When we are privileged to have some things in abundance, we tend not to value them, however, life can be so funny that you come back praying for that which you did not value.
A twitter user, Omolola, who was raised in a very comfortable family, did a re-evaluation of her life’s choices especially in regards to money and those who had it.
Now with a different perspective on how money should be seen and treated, Omolola decided to advise women to save and enjoy money while they can.
However, some followers who found her tweets offensive called her husband’s attention to it.
Omolola’s husband, Akin, in a series of tweets defended his wife and explained what she really meant.
Money in relationships: IT IS VERY IMPORTANT! See ehn don’t lie to yourself.
Privilege: enjoy it while you have it. Stop apologising for it, stop fighting it. But don’t be an idiot. Save money while you can.

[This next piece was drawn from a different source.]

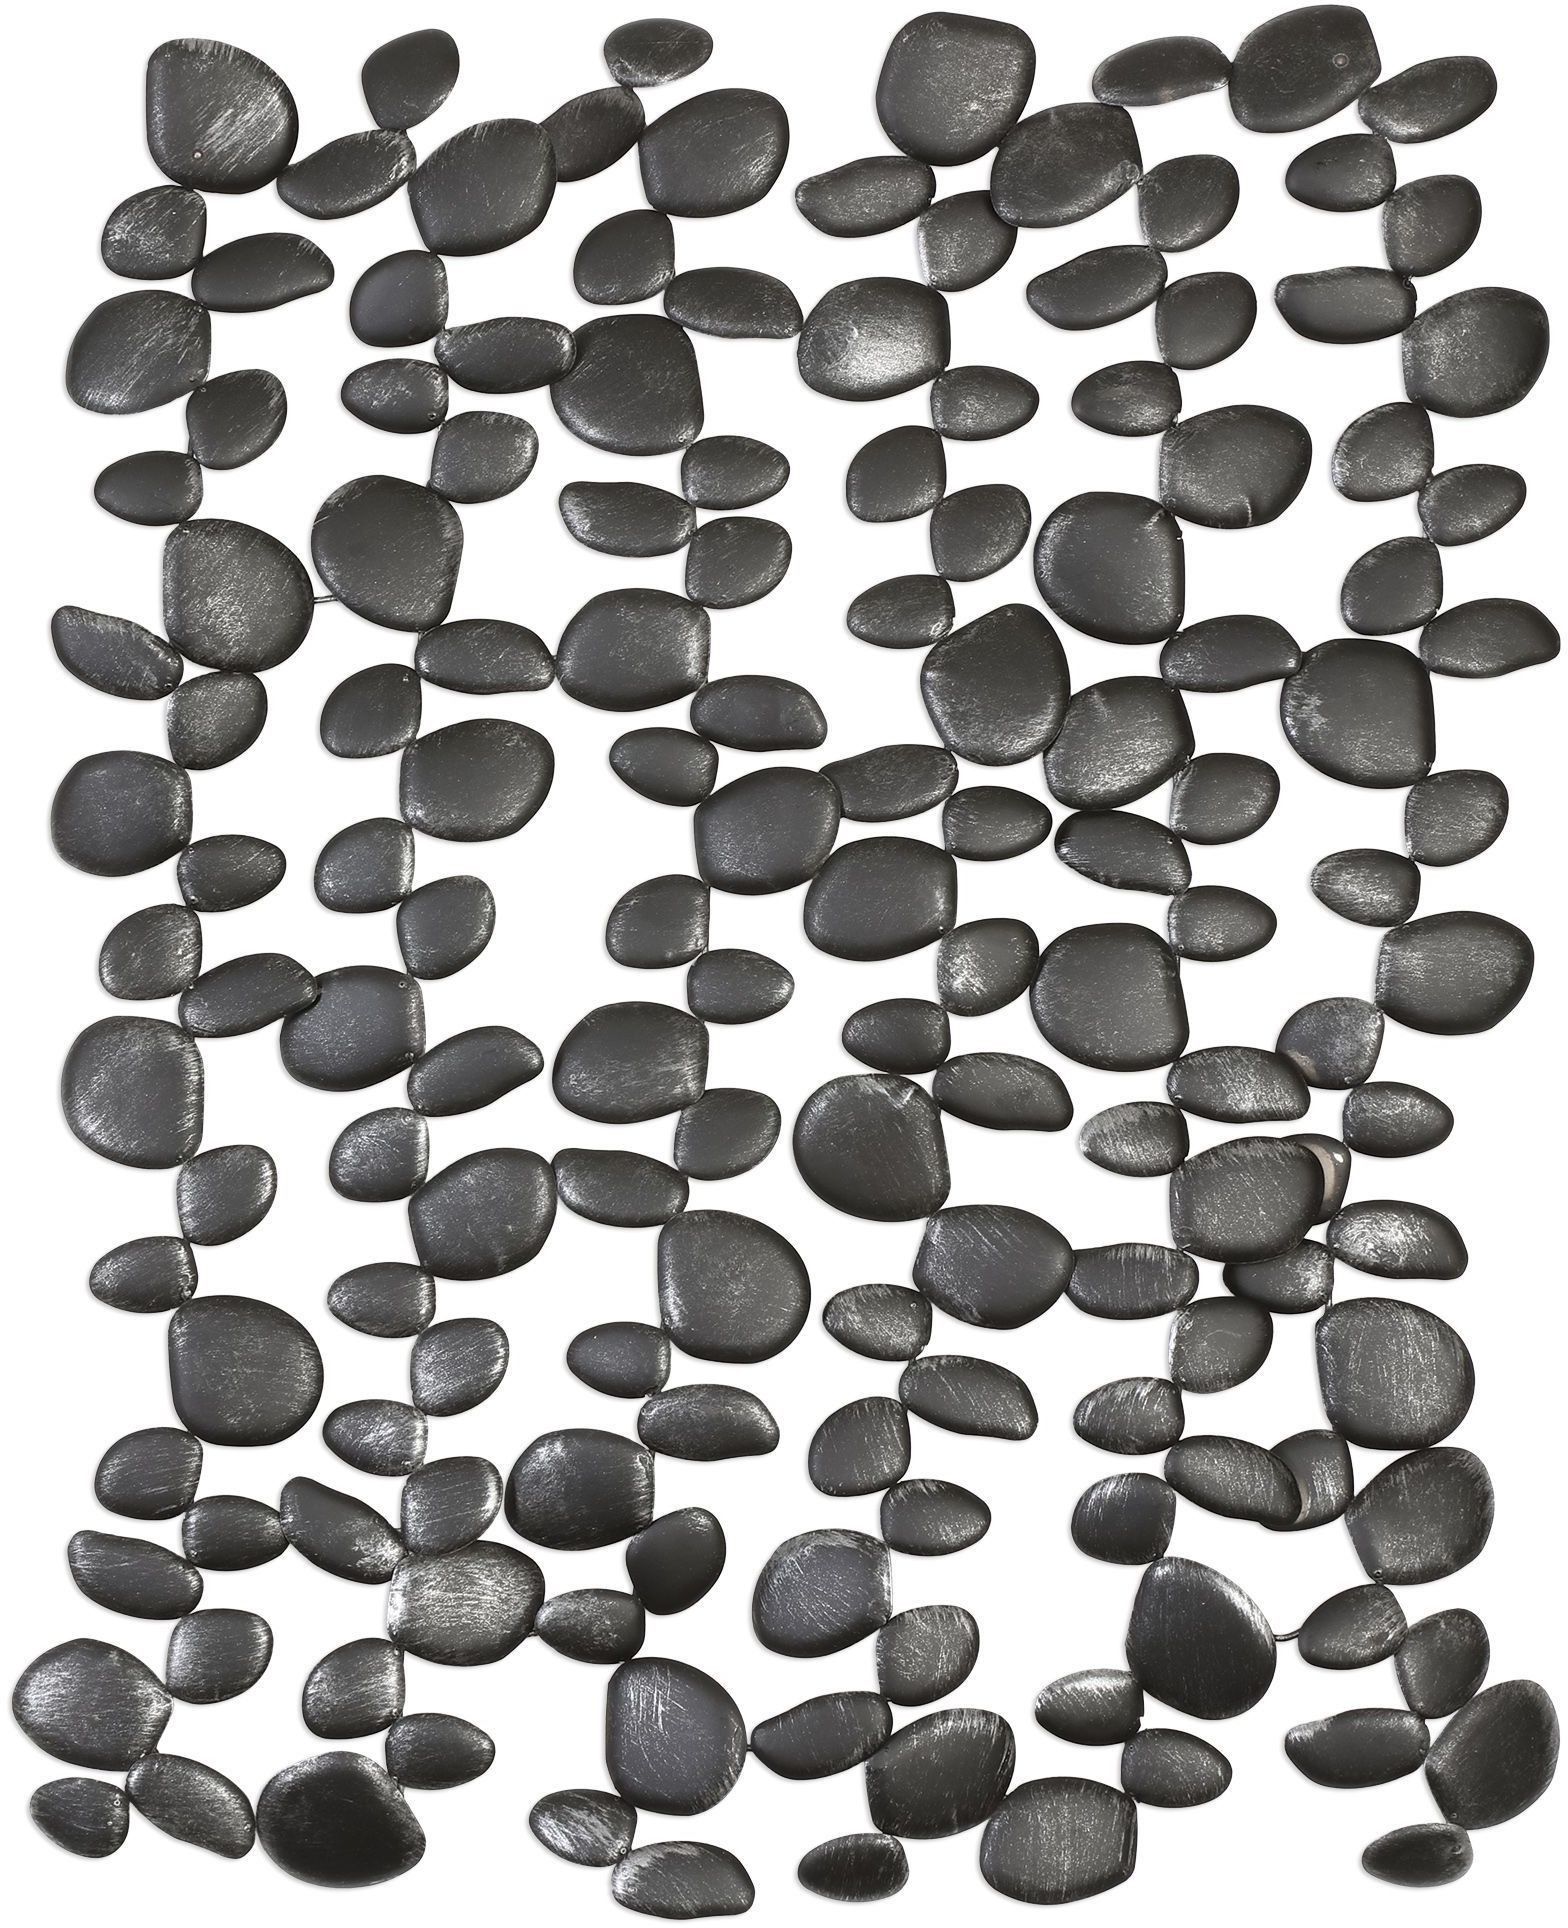 Skipping Stones Forged Iron Wall Art From Uttermost | Coleman Furniture Intended For 2018 Stones Wall Art (View 20 of 20)

Travel the world while you can. Fly to Italy for that awesome culinary experience. Enjoy now and save for tomorrow. There was a day I was telling @Mstoluh about my restaurant plans and I said I needed 20M to start off. I am surprised she didn’t laugh.
It was easy to say 20M back then. And in my mind it was feasible. All my savings plus help from my parents. It wasn’t impossible. I absolutely avoided rich men ‘Lola meet so so’s son…. His father is …’ I’ve already left. I didn’t care about how much money a guy had.
I looked down on women who considered money an important factor in picking a partner. I was above that. I really believed money was nothing.
I avoided everywhere Lagos big boys could be found and kept to myself in my estate. ‘I am not about that rich life’ I told myself.
So 2016, I have poured all my savings into a business and a new home. Because I walked away from two good paying jobs. I have to prove to my parents that I can handle things on my own, I can’t share business challenges with them because the next thing is ‘Go back to work!’
Before I didn’t hang out with rich kids because I felt their showy lifestyle was beneath me, now I don’t because I can’t afford to
Last year, someone told me about how he was actively trying to learn to stop praying about money. I couldn’t relate. I am that person now. Sleeping without AC? I will soon get my pro card. Eating whatever is available? That is even if I have time to eat sef.
I don’t regret choosing Akin over the rich men I met, but I now wonder, what if? Marrying rich is not a bad thing. Why was I so against it?
I don’t let Akin do nice things for me anymore. I have become a penny pincher. “Lola, let’s go out.” “starts calculating fuel+food+….”
There are things I need urgently that I can’t have, not because I am being practical or reasonable, but because I can’t afford it. Still my case is better. I had always tried to live a modest life, working hard, saving money when I didn’t have to. If not, I wouldn’t be able to cope now. If not for all my savings, I would have walked away from everything and gone back to the easy road.
Lessons from 2016: respect money, although I wasn’t a spendthrift and I worked and saved money, I didn’t regard money at all.
Okay Akin’s side of the story. @lolaloveandart
I appreciate your concern everyone. #IStandWithAkin folks, thanks a bunch. But I think y’all misunderstood the thread. Maybe you should go back and read it. Especially if you skipped the part where she talked about not regretting choosing me. She is talking about her attitude to money and how she has learnt and changed. Not engaging in wistful fantasizing.
If she was having second thoughts, there are plenty options. I am aware of them, she still chooses me. It’s not about wishing she were hanging out with rich people, it was about learning not to underestimate money’s value.
It’s about how having a lot can blind you to how difficult not having so much can be. And how easy it is to feel morally superior. To those who understand it..Basically, recession is hitting hard, and being independent is harder than she thought.
Btw, she’s still not interested in those rich guys. Just in case you were about to slide in her Dms …. O gbe for you
Thank you very much. P.S Lola and I are laughing together here. It’s not that serious please.